* _DATA FOR ANALYSIS_:
____________________
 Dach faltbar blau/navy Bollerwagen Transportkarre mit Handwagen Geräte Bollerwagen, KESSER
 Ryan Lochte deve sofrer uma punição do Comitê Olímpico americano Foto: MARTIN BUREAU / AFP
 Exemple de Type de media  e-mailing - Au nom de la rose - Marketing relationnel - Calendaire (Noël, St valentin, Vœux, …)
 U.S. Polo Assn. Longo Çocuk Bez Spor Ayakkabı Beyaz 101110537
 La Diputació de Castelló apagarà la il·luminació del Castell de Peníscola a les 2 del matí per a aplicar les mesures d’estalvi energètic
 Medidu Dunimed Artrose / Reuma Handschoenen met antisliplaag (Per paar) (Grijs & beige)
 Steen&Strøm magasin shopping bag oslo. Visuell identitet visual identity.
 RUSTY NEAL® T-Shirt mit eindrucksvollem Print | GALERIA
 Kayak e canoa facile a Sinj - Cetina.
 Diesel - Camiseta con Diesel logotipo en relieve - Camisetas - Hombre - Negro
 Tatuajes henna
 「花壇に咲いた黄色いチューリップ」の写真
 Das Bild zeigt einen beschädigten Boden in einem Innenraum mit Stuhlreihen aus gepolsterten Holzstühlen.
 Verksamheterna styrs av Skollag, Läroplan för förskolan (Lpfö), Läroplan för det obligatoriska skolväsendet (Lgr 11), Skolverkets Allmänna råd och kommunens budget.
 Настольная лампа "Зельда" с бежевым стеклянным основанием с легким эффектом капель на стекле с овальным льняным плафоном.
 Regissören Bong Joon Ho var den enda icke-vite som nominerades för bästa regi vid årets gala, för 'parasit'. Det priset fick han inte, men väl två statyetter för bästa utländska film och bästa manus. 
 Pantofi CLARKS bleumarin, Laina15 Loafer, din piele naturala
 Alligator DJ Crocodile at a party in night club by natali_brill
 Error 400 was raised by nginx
____________________
* _WHAT THE TASK REQUIRES_: Find the line with "Alligator DJ Crocodile" in the listing. Reproduce it and all the lines after it, exactly, through the last line.

* _RESPONSE AREA_:
 Alligator DJ Crocodile at a party in night club by natali_brill
 Error 400 was raised by nginx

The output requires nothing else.